I don't know when ; looks like it did not do it for
/DoublePhotonNoMaterial_FlatPt-0p01To10/RunIIWinter19PFCalibDR-2017ConditionsNoPUExtZeroMaterial_NoMaterial_105X_mc2017_realistic_v5-v1/AODSIM
Hard to say. There is no record of it in our databases, but the server was down for a couple hours recently.
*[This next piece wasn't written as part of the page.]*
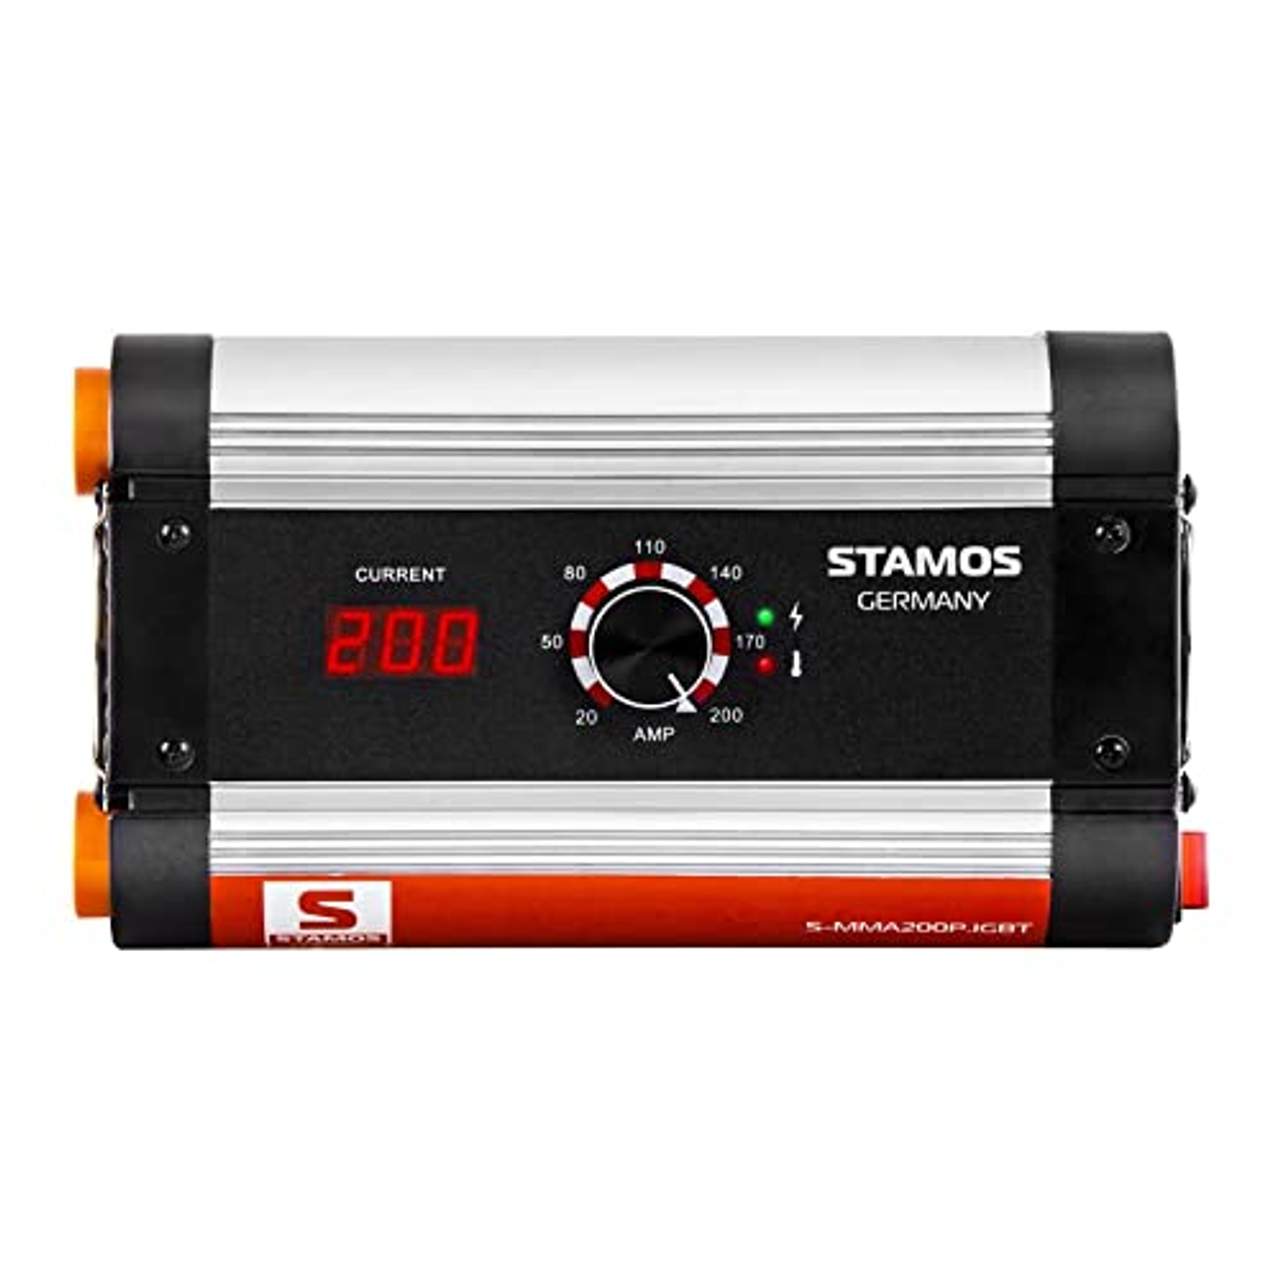 Stamos Germany S-MMA 200P.IGBT Elektroden-Schweißgerät 20-200

Probably we've just been unlucky with this one.
let me take a recent example with
/ChargedHiggsToCS_M155_13TeV-madgraph/RunIISummer16NanoAODv4-PUMoriond17_Nano14Dec2018_102X_mcRun2_asymptotic_v6-v1/NANOAODSIM
requested in full to purdue by the wmagent, under dataops (regular operation)
https://cmsweb.cern.ch/phedex/prod/Request::View?request=1744128
announced to dynamo :
https://cms-unified.web.cern.ch/cms-unified/showlog/?search=task_HIG-RunIISummer16NanoAODv4-02766
/ChargedHiggsToCS_M155_13TeV-madgraph/RunIISummer16NanoAODv4-PUMoriond17_Nano14Dec2018_102X_mcRun2_asymptotic_v6-v1/NANOAODSIM 4974/4974 = 100.00%
/ChargedHiggsToCS_M155_13TeV-madgraph/RunIISummer16NanoAODv4-PUMoriond17_Nano14Dec2018_102X_mcRun2_asymptotic_v6-v1/NANOAODSIM is send to dynamo in 1 copies []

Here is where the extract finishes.